AV's emeritus Professor Nigel Jump comments on the March 2023 budget
Worst fears about a UK recession this winter have receded. The economy seems to have bounced along at a fairly flat overall pace: typically, one month down and one month up. For example, UK real GDP was -0.5% lower in December but +0.3% higher in January. Similarly, the SW regional PMI signalled contraction in January (47.0) but expansion in February (52.5).
As a result, many forecasters have revised their predictions upwards, albeit with an outlook shifting only from ‘dire’ to ‘weak’. As the table shows, the OBR has set out a slightly better but still fragile picture, for and from, the latest Budget.
UK Central Economic Forecasts (OBR 2023)
The OBR forecasts show some improvement from November, but still presage a modest economic performance, especially compared with some of our main competitors and against much of our previous history. They suggest continuing ‘stagflation’ for now, but with a turning point this year, especially on inflation. Growth remains very modest. The labour market loosens a little, whilst the external and public deficits remain huge (see table) into the medium term. The UK economy lacks resilience, characterised by underlying low productivity growth (the OBR says it stays well under 2% per annum into the medium term). The UK, struggling to pay its way in the world, remains vulnerable to external shocks.
Against this background, the HM Treasury Budget announced measures, such as wider child-care support, larger tax-free pension allowances and new 3-year investment incentives, to encourage labour participation and increase growth potential. It extended household help with energy bills for three months and posted means to encourage legal workforce migration and “going back-to-work” for young parents and early retirees. There were fresh announcements on funding devolution for Greater Manchester and the West Midlands and more on investment zones (none yet in the south) for digital and tech, green industries, life sciences, advanced manufacturing and creative industries. (It remains uncertain whether these will prove net beneficial or cause mere displacement for the “key” sectors and/or places.) There were also important increases in defence spending and some reference to climate technology, including nuclear power.
UK growth is being held back by areas of supply-side industrial decline without items of clear replacement. Global shocks from war and disease, poor governance and labour withdrawal remain important. The key symptoms are low investment, constrained trade, and failing infrastructure.
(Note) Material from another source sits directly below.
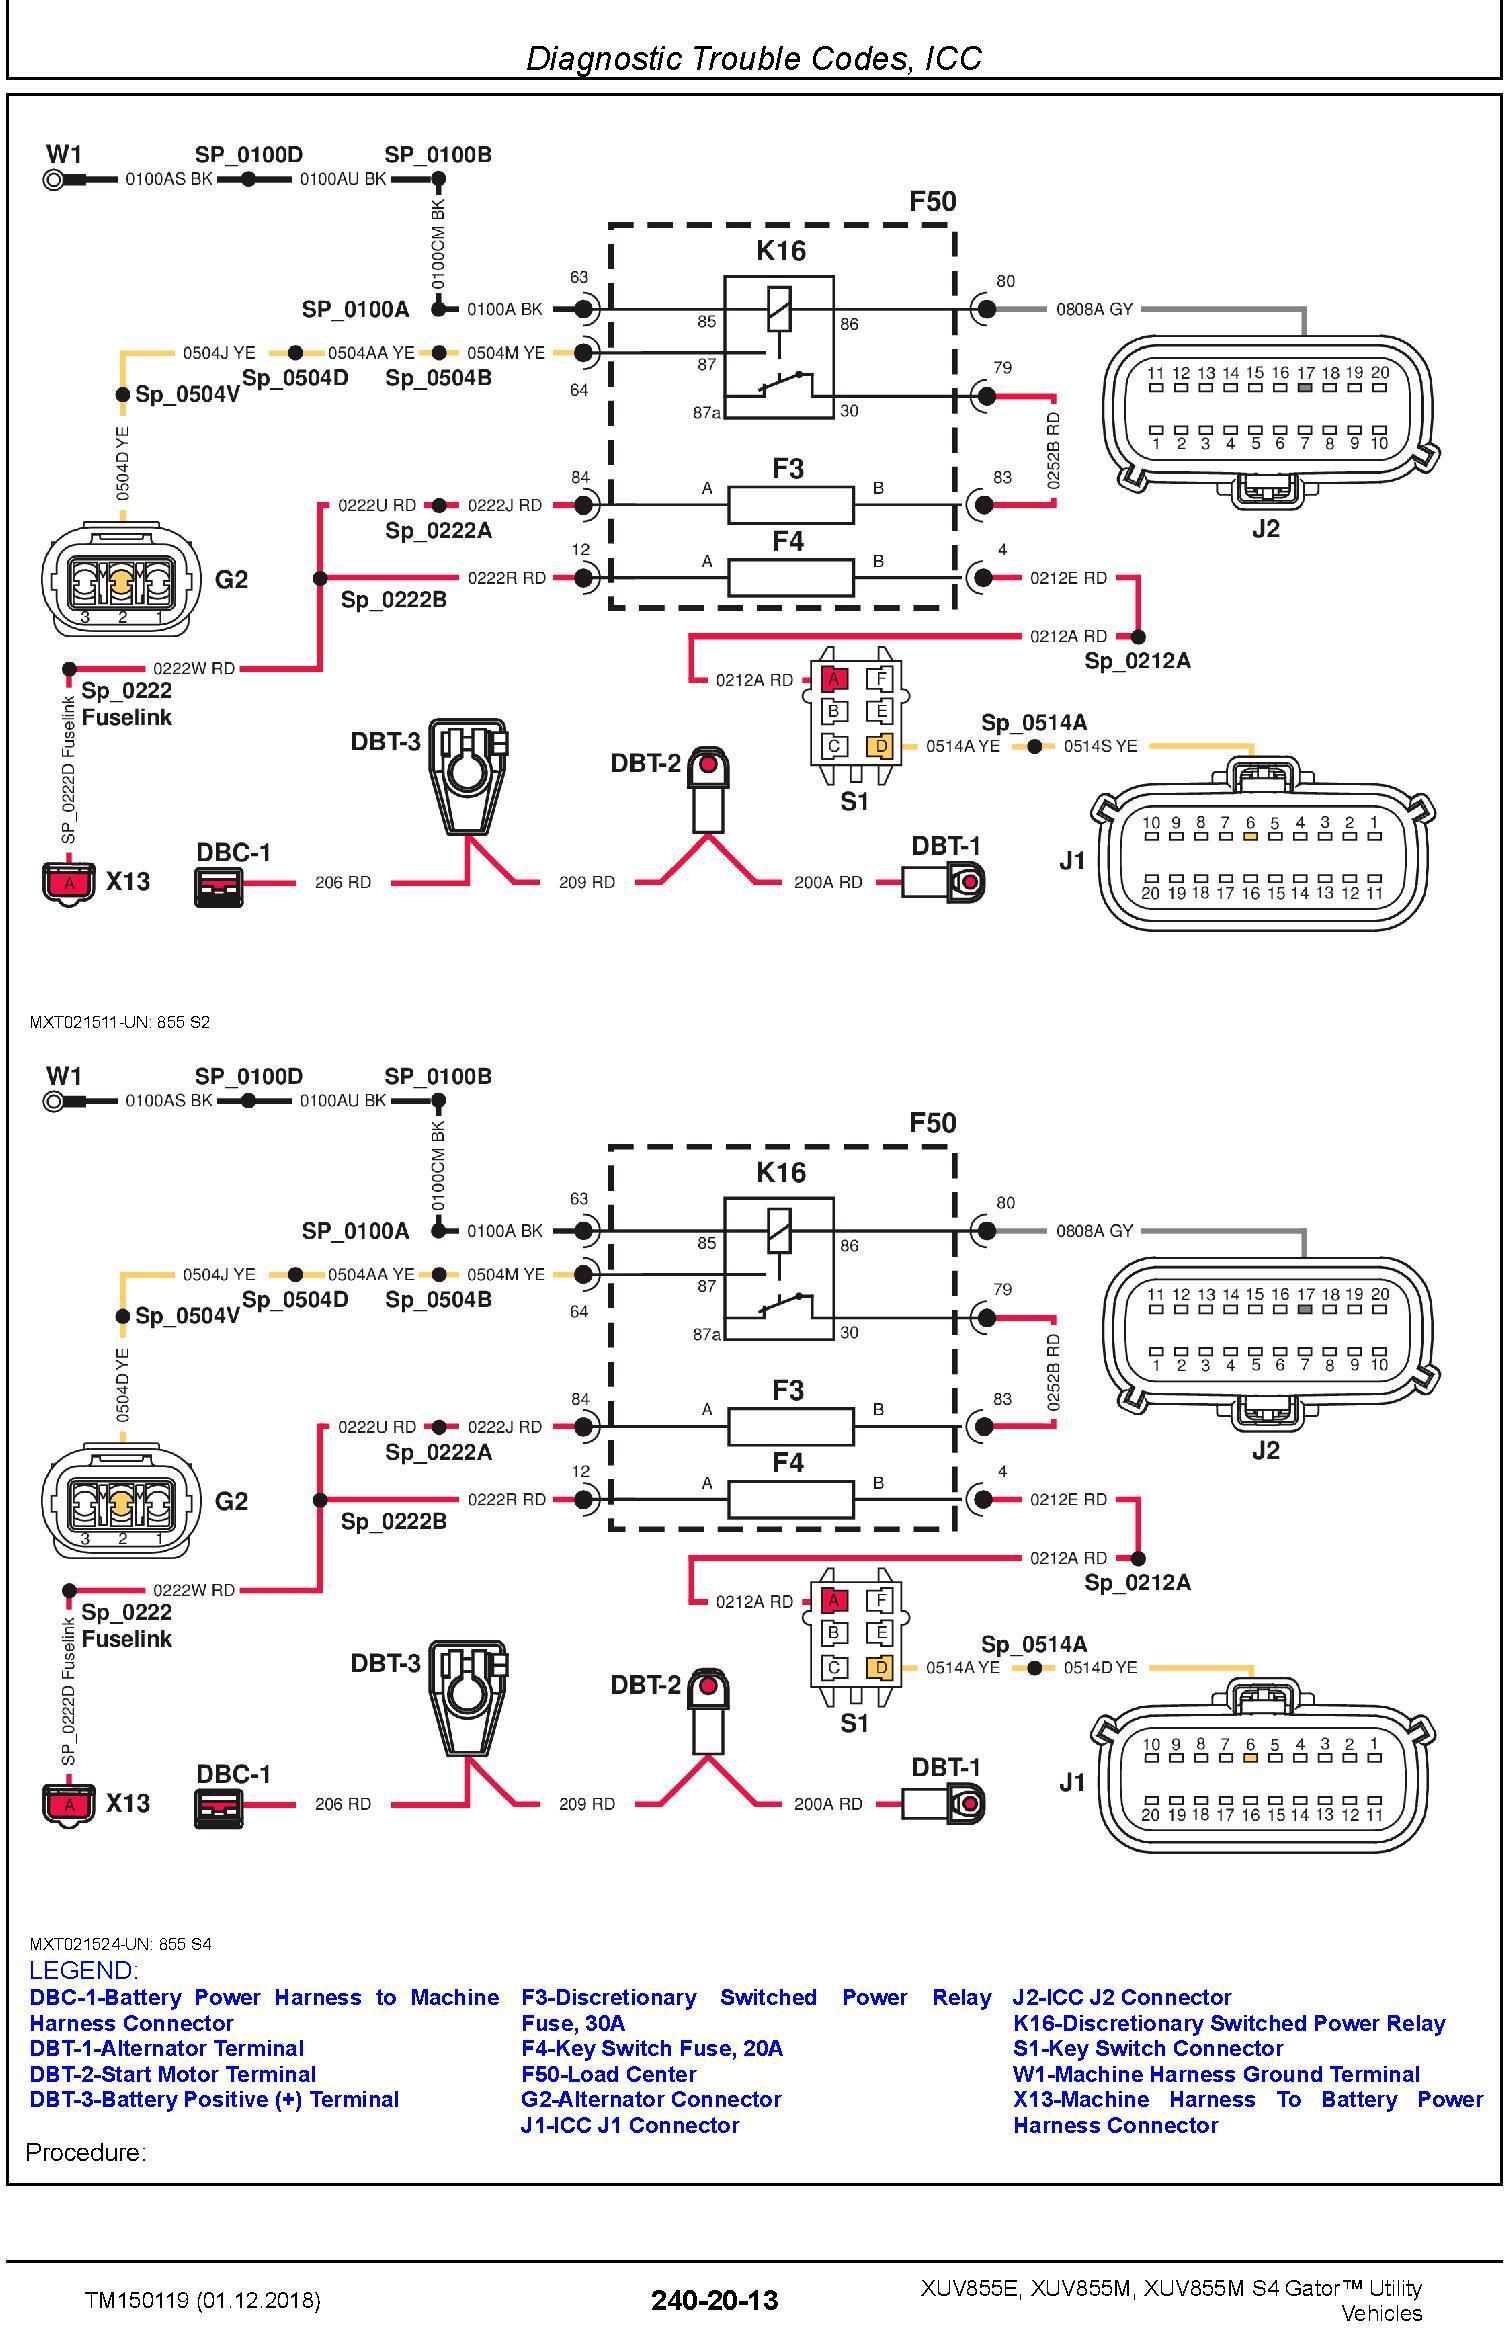 John Deere XUV855E XUV855M, XUV855M S4 Gator Utility Vehicles (SN.010001-) Technical Manual TM150119 - 3

Moreover, confidence remains vulnerable to, yet dependent on, higher interest rates to address important fundamentals.
The ECB, still catching up somewhat, has just raised its deposit rate by 0.5%, to 3%. Next week, the Bank of England may increase its bank rate from 4% and the Federal Reserve may push up its Fed Funds range from 4.25-4.75%. The recent collapse of the Silicon Valley Bank and the threat to Credit Suisse remind us how delicate current financial and economic predicaments are in this ‘stagflation’ world (see ‘misery’ = inflation + unemployment chart).
Since the turn of the year, economic tensions have eased somewhat, but risks are significant for energy prices, interest rates, growth prospects (real incomes, supply side investment and labour), and public debt and borrowing. The 2023 Budget sets a reasonable tone on some development matters, but its impact will be unclear for some time. Sadly, the only certainty is uncertainty.